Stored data

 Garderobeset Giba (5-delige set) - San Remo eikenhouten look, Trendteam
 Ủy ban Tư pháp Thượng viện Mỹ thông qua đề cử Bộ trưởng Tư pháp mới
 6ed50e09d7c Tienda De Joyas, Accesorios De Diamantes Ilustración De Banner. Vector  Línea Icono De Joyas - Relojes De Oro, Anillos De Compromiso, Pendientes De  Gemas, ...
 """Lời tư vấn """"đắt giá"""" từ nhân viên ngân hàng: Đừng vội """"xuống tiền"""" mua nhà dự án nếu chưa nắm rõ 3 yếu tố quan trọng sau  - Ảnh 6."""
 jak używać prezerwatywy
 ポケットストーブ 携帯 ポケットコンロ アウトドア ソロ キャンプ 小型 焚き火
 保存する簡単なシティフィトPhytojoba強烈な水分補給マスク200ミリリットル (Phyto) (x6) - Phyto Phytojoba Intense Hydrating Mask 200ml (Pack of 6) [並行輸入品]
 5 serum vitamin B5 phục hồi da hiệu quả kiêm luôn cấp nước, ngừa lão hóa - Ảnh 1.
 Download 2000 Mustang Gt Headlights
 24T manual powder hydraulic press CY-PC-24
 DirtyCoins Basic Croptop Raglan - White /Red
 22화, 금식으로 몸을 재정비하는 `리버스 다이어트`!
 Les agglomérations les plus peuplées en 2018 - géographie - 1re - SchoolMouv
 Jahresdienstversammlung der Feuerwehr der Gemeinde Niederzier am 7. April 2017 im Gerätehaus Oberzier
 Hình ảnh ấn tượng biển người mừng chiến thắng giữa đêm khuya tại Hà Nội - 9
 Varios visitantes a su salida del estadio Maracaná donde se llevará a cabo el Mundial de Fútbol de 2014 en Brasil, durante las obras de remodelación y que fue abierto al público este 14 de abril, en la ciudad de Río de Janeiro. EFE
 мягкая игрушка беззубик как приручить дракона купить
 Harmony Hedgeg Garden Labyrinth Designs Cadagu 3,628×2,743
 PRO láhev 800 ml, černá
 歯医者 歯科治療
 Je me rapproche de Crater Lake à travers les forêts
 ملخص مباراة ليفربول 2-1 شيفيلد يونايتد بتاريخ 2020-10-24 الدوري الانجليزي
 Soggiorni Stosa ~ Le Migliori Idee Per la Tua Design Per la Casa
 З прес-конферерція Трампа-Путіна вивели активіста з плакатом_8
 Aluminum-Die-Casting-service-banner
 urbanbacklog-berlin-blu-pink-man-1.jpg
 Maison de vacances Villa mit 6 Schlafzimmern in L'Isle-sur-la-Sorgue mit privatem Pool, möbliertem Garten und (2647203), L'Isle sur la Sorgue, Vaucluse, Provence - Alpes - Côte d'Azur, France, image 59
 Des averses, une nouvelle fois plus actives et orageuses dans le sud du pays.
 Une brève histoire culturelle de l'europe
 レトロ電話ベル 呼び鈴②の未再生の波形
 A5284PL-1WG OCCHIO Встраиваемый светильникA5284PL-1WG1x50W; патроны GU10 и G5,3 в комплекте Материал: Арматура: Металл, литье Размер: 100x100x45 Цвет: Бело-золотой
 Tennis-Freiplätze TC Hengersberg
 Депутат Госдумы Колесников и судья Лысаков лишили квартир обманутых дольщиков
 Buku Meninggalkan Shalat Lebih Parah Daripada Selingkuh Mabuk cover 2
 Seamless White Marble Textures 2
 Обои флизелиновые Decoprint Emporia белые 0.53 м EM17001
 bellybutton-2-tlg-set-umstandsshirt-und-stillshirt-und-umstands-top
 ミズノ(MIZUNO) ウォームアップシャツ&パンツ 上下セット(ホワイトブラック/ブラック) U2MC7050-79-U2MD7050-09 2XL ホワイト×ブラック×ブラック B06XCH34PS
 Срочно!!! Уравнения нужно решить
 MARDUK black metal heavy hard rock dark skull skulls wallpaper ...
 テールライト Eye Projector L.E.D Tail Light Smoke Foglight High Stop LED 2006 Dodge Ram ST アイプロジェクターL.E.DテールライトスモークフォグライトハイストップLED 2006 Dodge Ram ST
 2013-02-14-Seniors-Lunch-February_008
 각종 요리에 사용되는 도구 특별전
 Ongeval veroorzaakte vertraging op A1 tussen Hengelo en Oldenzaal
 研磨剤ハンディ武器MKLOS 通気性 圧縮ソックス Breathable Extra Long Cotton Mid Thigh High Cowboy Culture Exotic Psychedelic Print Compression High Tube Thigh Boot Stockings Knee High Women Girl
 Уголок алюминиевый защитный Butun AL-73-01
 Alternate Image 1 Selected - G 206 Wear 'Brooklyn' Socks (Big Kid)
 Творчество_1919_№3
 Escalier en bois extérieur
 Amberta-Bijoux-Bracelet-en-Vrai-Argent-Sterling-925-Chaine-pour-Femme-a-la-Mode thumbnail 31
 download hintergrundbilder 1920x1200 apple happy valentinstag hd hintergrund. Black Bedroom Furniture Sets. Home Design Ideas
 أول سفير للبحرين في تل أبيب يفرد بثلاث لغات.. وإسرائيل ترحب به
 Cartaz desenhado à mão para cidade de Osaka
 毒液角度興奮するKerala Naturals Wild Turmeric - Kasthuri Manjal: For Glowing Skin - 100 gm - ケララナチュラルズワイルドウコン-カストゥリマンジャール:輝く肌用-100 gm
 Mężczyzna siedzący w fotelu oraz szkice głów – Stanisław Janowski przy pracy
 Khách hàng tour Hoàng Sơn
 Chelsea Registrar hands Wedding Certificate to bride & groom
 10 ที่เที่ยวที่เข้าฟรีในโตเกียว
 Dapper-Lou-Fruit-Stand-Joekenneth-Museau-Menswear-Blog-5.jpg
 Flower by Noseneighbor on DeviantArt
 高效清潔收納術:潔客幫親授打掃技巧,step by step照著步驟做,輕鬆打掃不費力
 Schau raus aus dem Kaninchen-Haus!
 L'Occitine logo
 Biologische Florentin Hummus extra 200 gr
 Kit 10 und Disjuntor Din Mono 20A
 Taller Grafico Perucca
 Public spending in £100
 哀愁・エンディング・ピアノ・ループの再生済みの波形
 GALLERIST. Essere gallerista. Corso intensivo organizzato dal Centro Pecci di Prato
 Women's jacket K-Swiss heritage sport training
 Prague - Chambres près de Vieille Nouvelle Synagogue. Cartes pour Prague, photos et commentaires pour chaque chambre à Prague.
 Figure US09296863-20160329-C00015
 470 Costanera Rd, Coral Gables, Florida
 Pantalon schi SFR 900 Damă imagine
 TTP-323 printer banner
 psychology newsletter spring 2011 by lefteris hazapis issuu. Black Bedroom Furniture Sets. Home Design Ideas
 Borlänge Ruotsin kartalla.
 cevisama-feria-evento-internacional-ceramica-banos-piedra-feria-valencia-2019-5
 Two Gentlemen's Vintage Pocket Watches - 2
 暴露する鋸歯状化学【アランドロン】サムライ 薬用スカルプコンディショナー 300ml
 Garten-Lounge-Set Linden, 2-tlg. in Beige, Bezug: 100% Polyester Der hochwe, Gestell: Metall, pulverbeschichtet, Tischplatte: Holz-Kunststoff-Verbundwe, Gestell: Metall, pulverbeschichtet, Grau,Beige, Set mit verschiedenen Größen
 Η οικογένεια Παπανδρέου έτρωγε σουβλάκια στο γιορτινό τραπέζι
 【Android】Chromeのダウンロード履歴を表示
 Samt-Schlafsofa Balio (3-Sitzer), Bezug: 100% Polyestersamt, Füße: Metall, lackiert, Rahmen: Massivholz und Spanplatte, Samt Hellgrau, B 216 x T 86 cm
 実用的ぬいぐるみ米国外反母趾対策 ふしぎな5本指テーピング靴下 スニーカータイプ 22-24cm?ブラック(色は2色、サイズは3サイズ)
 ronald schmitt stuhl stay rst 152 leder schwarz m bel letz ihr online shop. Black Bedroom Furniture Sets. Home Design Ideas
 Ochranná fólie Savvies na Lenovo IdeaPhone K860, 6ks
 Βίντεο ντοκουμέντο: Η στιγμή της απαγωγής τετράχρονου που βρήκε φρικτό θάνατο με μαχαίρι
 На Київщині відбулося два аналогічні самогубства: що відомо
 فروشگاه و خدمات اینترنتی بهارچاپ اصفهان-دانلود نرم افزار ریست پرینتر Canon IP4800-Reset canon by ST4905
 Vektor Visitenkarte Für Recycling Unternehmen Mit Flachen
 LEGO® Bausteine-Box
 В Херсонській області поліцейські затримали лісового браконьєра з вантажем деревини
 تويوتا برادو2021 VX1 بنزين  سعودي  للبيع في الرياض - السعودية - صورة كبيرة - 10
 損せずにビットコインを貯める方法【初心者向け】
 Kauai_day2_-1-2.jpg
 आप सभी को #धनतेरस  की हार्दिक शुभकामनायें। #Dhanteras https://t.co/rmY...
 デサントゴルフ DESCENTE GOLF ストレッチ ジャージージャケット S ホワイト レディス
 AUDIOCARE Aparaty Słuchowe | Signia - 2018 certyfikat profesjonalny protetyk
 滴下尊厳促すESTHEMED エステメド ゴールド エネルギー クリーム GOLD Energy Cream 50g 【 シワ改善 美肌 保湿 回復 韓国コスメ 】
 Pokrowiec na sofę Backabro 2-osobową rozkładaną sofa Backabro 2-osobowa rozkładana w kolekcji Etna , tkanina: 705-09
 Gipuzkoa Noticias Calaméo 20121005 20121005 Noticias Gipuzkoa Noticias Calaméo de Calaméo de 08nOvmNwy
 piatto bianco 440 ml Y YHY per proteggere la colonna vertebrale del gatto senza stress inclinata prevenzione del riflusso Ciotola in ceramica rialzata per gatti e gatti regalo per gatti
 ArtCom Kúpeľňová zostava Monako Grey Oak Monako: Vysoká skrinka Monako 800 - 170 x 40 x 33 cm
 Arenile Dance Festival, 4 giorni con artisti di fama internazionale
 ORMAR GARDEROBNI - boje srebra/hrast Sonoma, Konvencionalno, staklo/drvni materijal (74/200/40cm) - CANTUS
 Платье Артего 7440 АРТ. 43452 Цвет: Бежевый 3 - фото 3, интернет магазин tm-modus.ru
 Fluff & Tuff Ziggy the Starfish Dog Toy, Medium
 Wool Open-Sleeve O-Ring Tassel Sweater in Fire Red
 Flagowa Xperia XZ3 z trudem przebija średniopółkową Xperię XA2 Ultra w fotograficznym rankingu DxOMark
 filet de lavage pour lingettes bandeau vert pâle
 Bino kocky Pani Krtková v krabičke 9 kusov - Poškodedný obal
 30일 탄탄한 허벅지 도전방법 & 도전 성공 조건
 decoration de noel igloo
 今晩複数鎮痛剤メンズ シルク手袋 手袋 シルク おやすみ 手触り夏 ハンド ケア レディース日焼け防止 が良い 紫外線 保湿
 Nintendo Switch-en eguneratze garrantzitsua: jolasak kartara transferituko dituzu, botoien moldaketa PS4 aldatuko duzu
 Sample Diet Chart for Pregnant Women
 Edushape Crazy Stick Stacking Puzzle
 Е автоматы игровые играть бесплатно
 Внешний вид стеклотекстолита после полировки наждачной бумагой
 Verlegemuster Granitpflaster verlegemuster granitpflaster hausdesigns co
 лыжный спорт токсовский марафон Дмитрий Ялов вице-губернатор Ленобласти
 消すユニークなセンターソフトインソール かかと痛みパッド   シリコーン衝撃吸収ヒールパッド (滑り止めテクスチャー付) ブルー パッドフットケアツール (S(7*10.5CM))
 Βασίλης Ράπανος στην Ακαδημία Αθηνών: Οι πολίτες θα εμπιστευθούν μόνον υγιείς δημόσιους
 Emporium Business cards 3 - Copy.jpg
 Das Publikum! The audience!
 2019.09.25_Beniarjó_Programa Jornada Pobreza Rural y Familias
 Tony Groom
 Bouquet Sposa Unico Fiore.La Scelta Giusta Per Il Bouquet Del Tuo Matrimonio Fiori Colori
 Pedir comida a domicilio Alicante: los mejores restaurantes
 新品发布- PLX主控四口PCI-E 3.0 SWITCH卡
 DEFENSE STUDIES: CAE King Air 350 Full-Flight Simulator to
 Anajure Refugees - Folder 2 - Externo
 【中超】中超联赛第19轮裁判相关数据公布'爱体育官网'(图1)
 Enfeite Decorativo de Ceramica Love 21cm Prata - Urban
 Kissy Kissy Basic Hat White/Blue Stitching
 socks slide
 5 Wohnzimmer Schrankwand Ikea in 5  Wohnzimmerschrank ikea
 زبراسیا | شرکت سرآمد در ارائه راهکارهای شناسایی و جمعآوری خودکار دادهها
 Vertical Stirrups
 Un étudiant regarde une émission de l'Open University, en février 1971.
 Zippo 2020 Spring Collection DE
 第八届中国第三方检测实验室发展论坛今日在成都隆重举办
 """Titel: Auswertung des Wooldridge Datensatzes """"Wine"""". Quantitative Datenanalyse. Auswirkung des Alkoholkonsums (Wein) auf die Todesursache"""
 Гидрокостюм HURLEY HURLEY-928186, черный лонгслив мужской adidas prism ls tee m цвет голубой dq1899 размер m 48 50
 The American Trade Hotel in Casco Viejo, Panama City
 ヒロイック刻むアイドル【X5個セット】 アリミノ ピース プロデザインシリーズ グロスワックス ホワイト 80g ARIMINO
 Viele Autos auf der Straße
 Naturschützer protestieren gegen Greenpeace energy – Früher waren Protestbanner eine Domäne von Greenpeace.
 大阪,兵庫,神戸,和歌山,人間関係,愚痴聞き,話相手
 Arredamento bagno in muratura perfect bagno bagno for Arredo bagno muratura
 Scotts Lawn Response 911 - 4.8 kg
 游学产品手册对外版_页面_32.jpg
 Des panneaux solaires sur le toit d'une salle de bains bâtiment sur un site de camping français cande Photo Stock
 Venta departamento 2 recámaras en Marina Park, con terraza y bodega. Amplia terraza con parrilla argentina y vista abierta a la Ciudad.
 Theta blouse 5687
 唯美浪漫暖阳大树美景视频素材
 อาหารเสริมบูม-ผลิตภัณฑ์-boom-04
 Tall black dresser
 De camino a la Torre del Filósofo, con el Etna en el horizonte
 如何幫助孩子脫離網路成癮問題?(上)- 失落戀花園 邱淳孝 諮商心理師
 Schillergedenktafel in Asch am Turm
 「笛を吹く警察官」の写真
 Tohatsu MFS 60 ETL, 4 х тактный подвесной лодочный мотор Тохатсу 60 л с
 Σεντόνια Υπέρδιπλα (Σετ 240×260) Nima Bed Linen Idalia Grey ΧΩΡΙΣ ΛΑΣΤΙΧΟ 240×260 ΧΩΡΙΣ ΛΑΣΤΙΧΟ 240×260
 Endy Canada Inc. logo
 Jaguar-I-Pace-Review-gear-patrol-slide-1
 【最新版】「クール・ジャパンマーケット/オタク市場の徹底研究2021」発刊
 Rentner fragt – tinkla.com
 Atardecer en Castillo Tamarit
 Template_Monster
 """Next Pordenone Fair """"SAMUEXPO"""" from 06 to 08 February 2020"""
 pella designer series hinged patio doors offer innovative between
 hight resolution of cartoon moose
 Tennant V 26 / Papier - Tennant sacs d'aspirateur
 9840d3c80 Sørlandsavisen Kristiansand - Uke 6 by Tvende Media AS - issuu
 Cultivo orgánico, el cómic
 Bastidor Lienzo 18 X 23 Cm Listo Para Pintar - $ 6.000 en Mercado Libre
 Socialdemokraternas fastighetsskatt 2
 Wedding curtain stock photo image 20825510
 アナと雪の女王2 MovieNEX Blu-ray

# Task
Only the lines from the one with "Des panneaux solaires" through the last line of the records belong in the answer, each copied exactly.

# Written response
 Des panneaux solaires sur le toit d'une salle de bains bâtiment sur un site de camping français cande Photo Stock
 Venta departamento 2 recámaras en Marina Park, con terraza y bodega. Amplia terraza con parrilla argentina y vista abierta a la Ciudad.
 Theta blouse 5687
 唯美浪漫暖阳大树美景视频素材
 อาหารเสริมบูม-ผลิตภัณฑ์-boom-04
 Tall black dresser
 De camino a la Torre del Filósofo, con el Etna en el horizonte
 如何幫助孩子脫離網路成癮問題?(上)- 失落戀花園 邱淳孝 諮商心理師
 Schillergedenktafel in Asch am Turm
 「笛を吹く警察官」の写真
 Tohatsu MFS 60 ETL, 4 х тактный подвесной лодочный мотор Тохатсу 60 л с
 Σεντόνια Υπέρδιπλα (Σετ 240×260) Nima Bed Linen Idalia Grey ΧΩΡΙΣ ΛΑΣΤΙΧΟ 240×260 ΧΩΡΙΣ ΛΑΣΤΙΧΟ 240×260
 Endy Canada Inc. logo
 Jaguar-I-Pace-Review-gear-patrol-slide-1
 【最新版】「クール・ジャパンマーケット/オタク市場の徹底研究2021」発刊
 Rentner fragt – tinkla.com
 Atardecer en Castillo Tamarit
 Template_Monster
 """Next Pordenone Fair """"SAMUEXPO"""" from 06 to 08 February 2020"""
 pella designer series hinged patio doors offer innovative between
 hight resolution of cartoon moose
 Tennant V 26 / Papier - Tennant sacs d'aspirateur
 9840d3c80 Sørlandsavisen Kristiansand - Uke 6 by Tvende Media AS - issuu
 Cultivo orgánico, el cómic
 Bastidor Lienzo 18 X 23 Cm Listo Para Pintar - $ 6.000 en Mercado Libre
 Socialdemokraternas fastighetsskatt 2
 Wedding curtain stock photo image 20825510
 アナと雪の女王2 MovieNEX Blu-ray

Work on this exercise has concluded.